Problems with residue at infinity

Question

I know I've asked a similar question before, but this function gives me headaches. Let $f(z)=\frac{e^z}{z^2*(z^2+9)}.$ Calculate residue in isolated singularity (inclusive infinity) I calculated the residue in all singularities: $3i,$ $ -3i$ and $ 0, $ but at infinity I got stuck.

Answer 1

Method 1: Consider the circle of radius $4$ with positive orientation. On one side, the three poles you mention in your question. On the other side, all the other poles. Since the denominator only gives the three poles you mention and the numerator only gives a pole at infinity, and the function is meromorphic, putting the negative orientation on the circle, it only encloses the pole at $\infty$. Since reversing the path of an integral negates its value, the residue of pole at $\infty$ is minus the sum of the residues of the poles you found.

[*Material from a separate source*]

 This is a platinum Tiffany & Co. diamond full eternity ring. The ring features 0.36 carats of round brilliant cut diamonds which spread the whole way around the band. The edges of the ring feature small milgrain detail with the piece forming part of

Method 2: For a residue at infinity, let $z \mapsto 1/w$ and expand $(-1/w^2)f(1/w)$ in a Laurent expansion in the variable $w$. (Recall that a residue is an integral. The change of variable changes the differential element: $\mathrm{d}z = \frac{\mathrm{d}}{\mathrm{d}w} w^{-1} \,\mathrm{d}w = -w^{-2}\,\mathrm{d}w$, which explains the source of the $(-1/w^2)$.) Here, this gives \begin{align*} \frac{-1}{w^2}f(1/w) &= \frac{-w^2 \mathrm{e}^{1/w}}{1+9w^2} \\ &= -w^2 \left(\sum_{j=0}^\infty \frac{(1/w)^j}{j!} \right) \sum_{k=0}^\infty (-9w^2)^k \text{.}\end{align*} To get the coefficient of the $w^{-1}$, we need the coefficient of $w^{-3}$ in $-\left(\sum_{j=0}^\infty \frac{1}{j!}w^{-j} \right) \sum_{k=0}^\infty (-9)^kw^{2k}$. Contributions to that coefficient occur when $2k-j = -3$, so, $j = 2k+3$. ... blah, shift the index, blah, recognize a sine series (maybe), blah ... This seems hard because the powers are running in opposite directions (through negative integers in $j$ and through positive evens in $k$).

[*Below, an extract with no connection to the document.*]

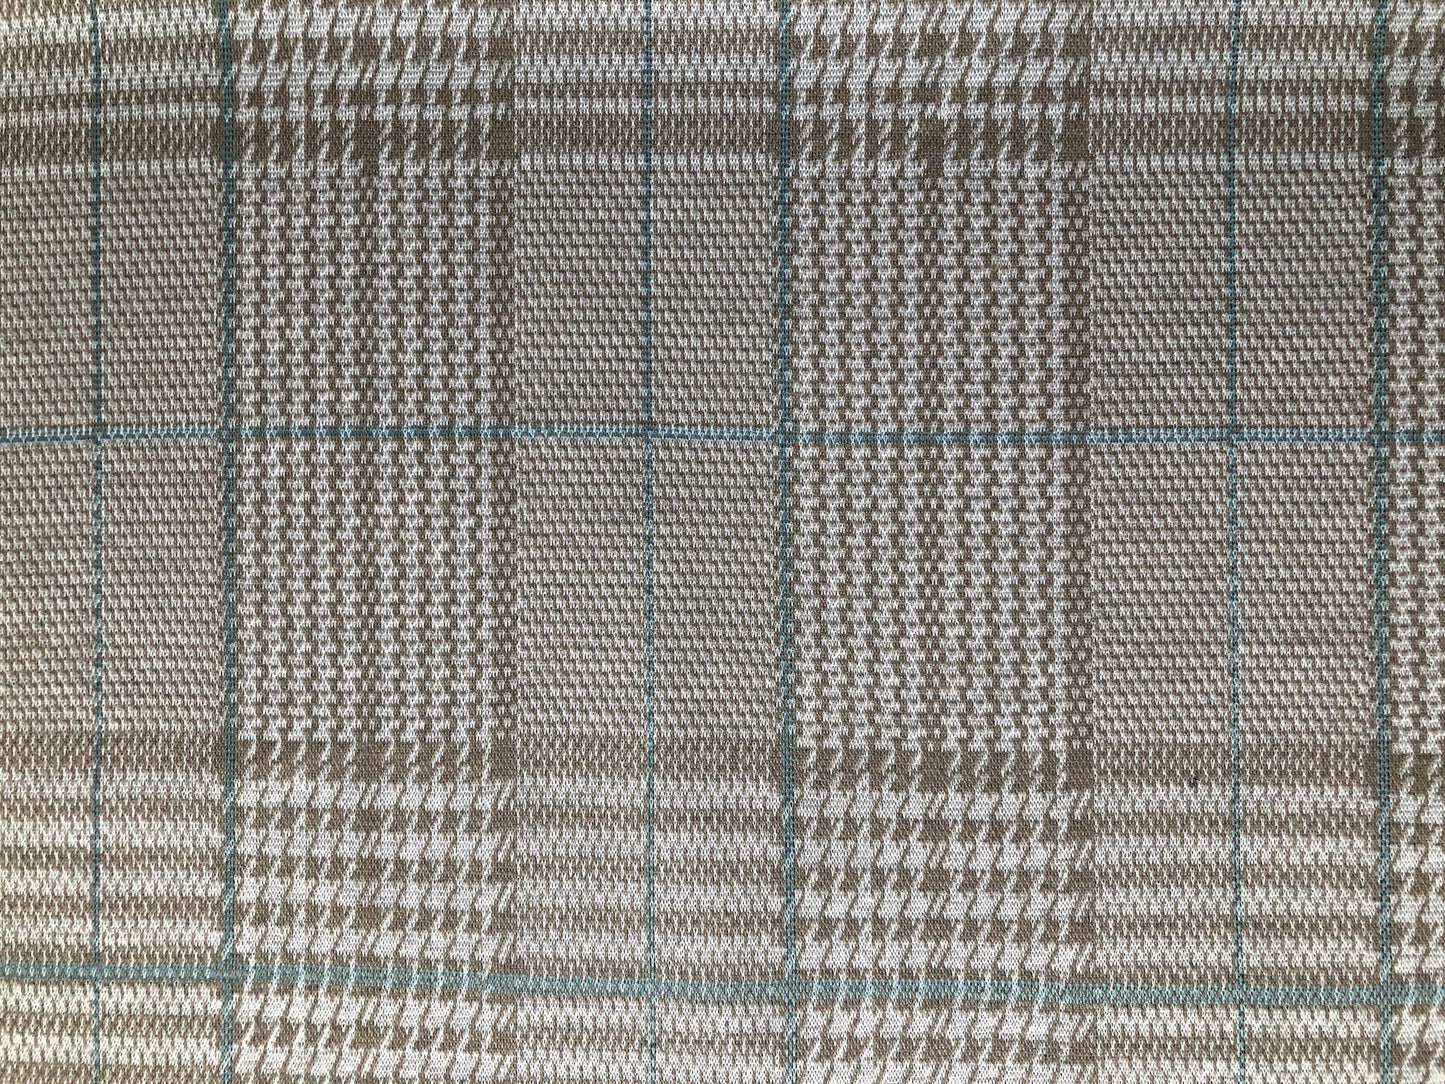 Beige/Pink Or Beige/Blue Houndstooth Plaid Stretchy Fabric
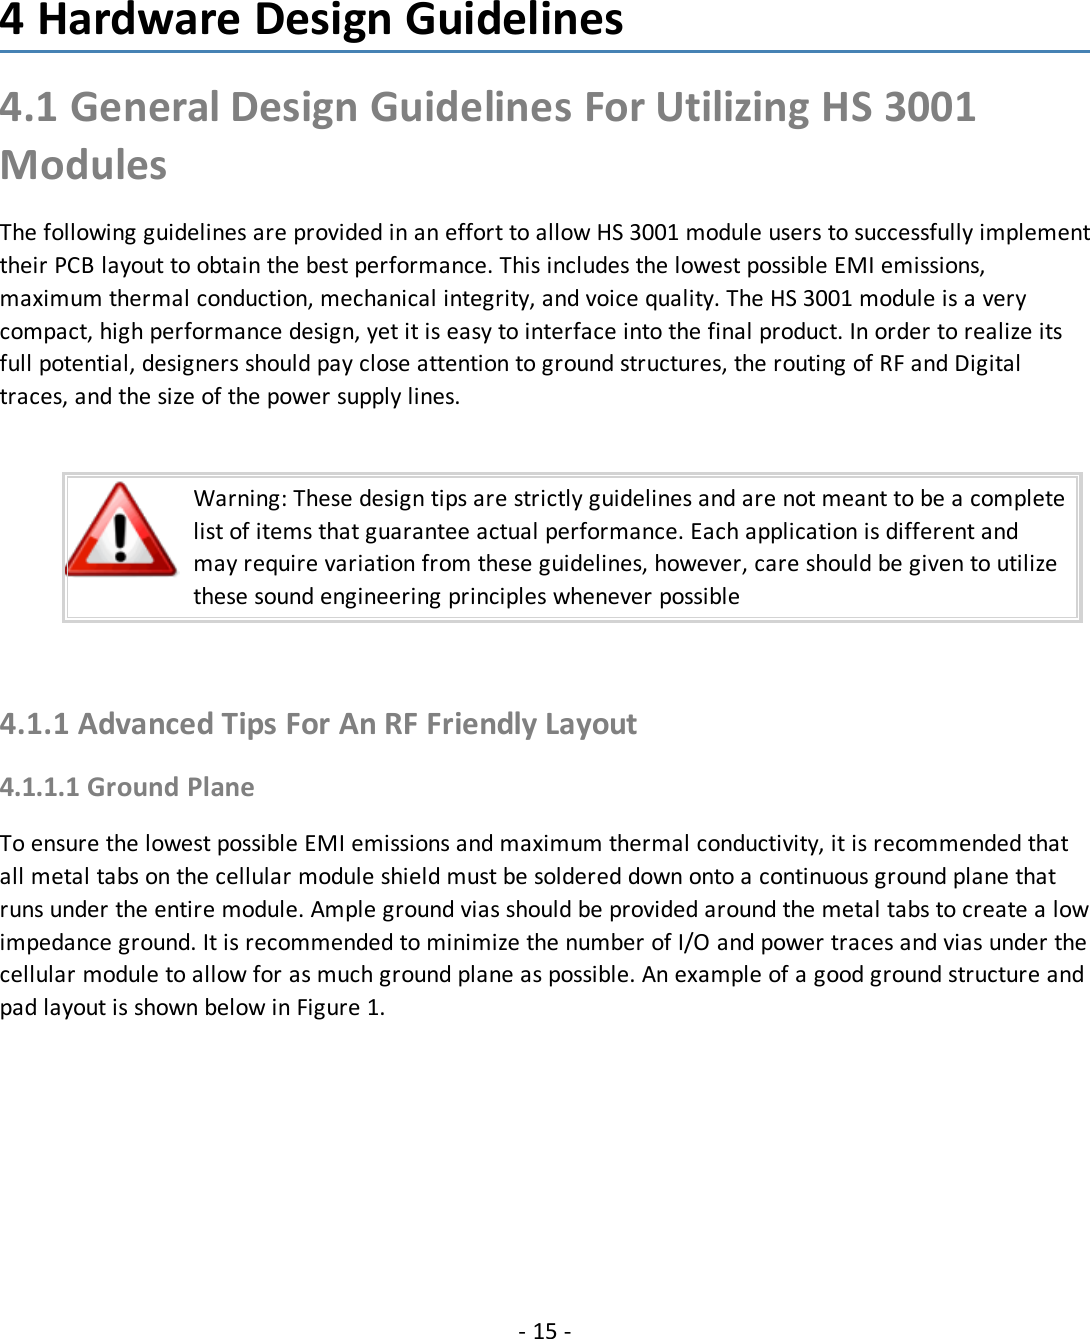 4 Hardware Design Guidelines4.1 General Design Guidelines For Utilizing HS 3001ModulesThe following guidelines are provided in an effort to allow HS 3001 module users to successfully implementtheir PCB layout to obtain the best performance. This includes the lowest possible EMI emissions,maximum thermal conduction, mechanical integrity, and voice quality. The HS 3001 module is a verycompact, high performance design, yet it is easy to interface into the final product. In order to realize itsfull potential, designers should pay close attention to ground structures, the routing of RF and Digitaltraces, and the size of the power supply lines.Warning: These design tips are strictly guidelines and are not meant to be a completelist of items that guarantee actual performance. Each application is different andmay require variation from these guidelines, however, care should be given to utilizethese sound engineering principles whenever possible4.1.1 Advanced Tips For An RF Friendly Layout4.1.1.1 Ground PlaneTo ensure the lowest possible EMI emissions and maximum thermal conductivity, it is recommended thatall metal tabs on the cellular module shield must be soldered down onto a continuous ground plane thatruns under the entire module. Ample ground vias should be provided around the metal tabs to create a lowimpedance ground. It is recommended to minimize the number of I/O and power traces and vias under thecellular module to allow for as much ground plane as possible. An example of a good ground structure andpad layout is shown below in Figure 1.- 15 -

Method 2 (fixed): As in the previous attempt, but make the powers run in the same direction. \begin{align*} \frac{-1}{w^2}f(1/w) &= \frac{-w^2 \mathrm{e}^{1/w}}{1+9w^2} \cdot \frac{1/(9w^2)}{1/(9w^2)} \\ &= \frac{-1}{9} \frac{\mathrm{e}^{1/w}}{(1/9)w^{-2} + 1} \\ &= \frac{-1}{9} \left(\sum_{j=0}^\infty \frac{w^{-j}}{j!} \right) \sum_{k=0}^\infty \left(\frac{-1}{9} w^{-2}\right)^k \text{.} \end{align*} (Another way to say this: If you are expanding in powers of $1/w = w^{-1}$ make sure you expand everything in powers of $w^{-1}$. Your change of variable has moved the singularity to $0$ so to make sure you are working with series convergent on the annulus with inner radius $0$, choose the power series that blow up there.) Now the $w^{-1}$ term receives contributions when $-j-2k=-1$, $j+2k=1$, so only from the $j = 1$ and $k = 0$ terms. $$ \frac{-1}{9}\left(\frac{w^{-1}}{1!}\right)\left(\frac{-1}{9} w^{-2}\right)^0 = \frac{-1}{9} $$ and we get the same residue as from Method 1.

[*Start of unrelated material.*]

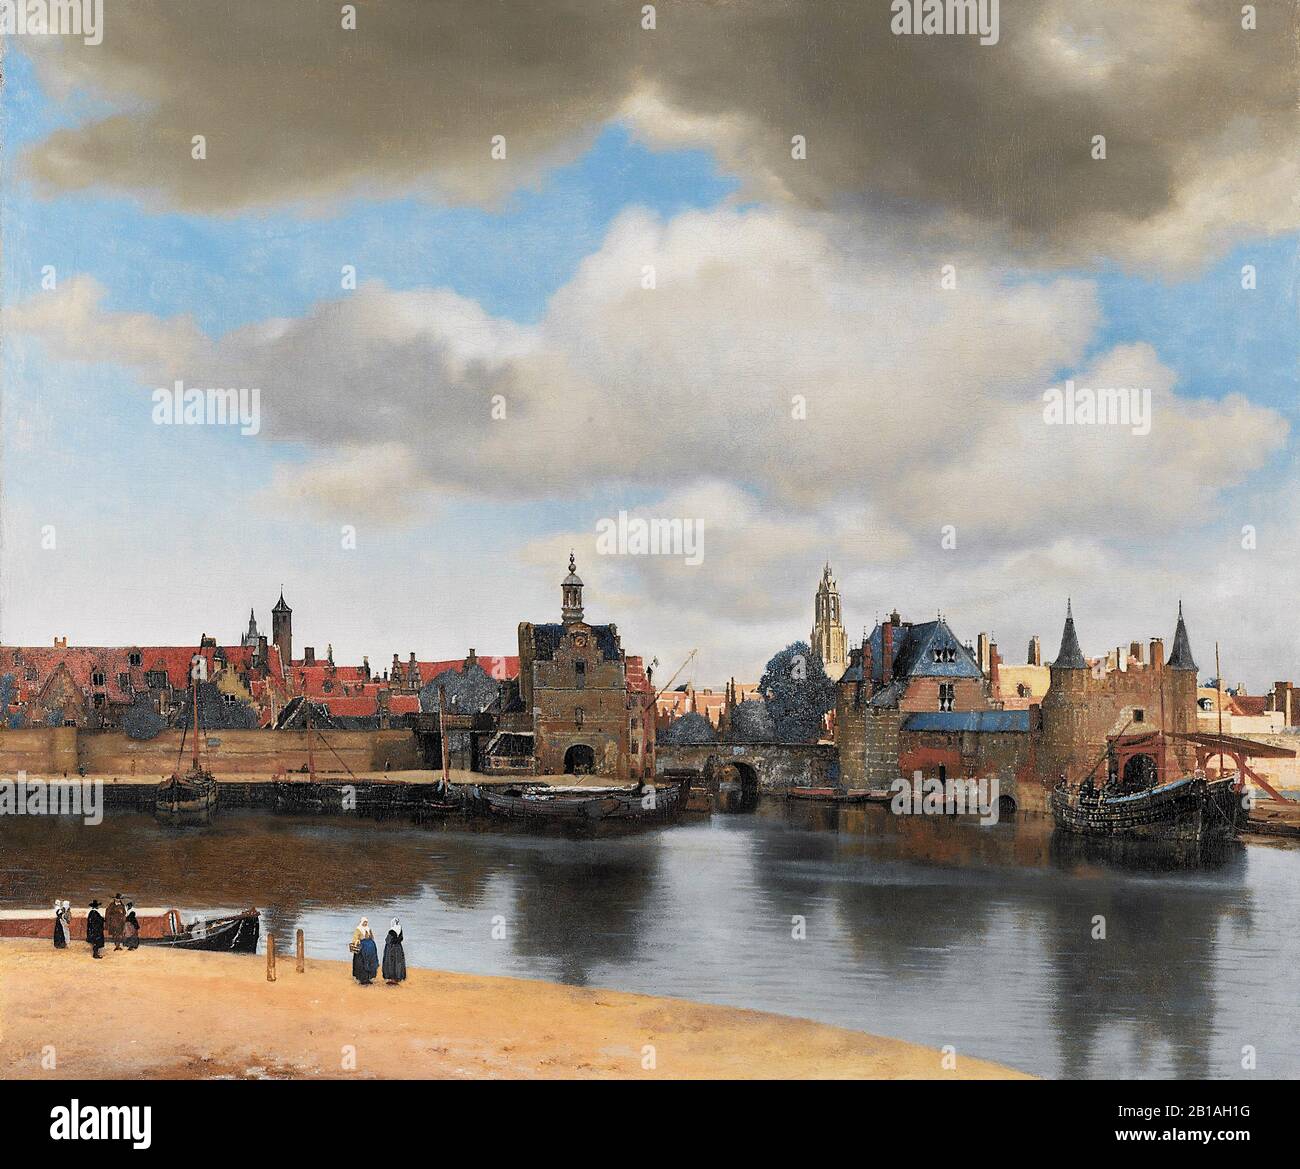 View on Delft (circa 1661) by Johannes Vermeer - 17th Century Dutch Baroque Period Painting - Very high resolution and quality image Stock Photo

Could we avoid using a big theorem (Method 1) or messing around with series (Methods 2)? Not really; the singularity at $\infty$ of $\mathrm{e}^z$ is at infinity and is essential, so the usual tricks ($\lim_{z \rightarrow \infty} (z-\infty)f(z)$ for a simple pole and $\frac{1}{(n-1)!} \lim_{z \rightarrow c} \frac{\mathrm{d}^{n-1}}{\mathrm{d}z^{n-1}} ((z-\infty)^n f(z))$) are useless. This means either we find a theorem to do the work for us, or we have to use Laurent expansion.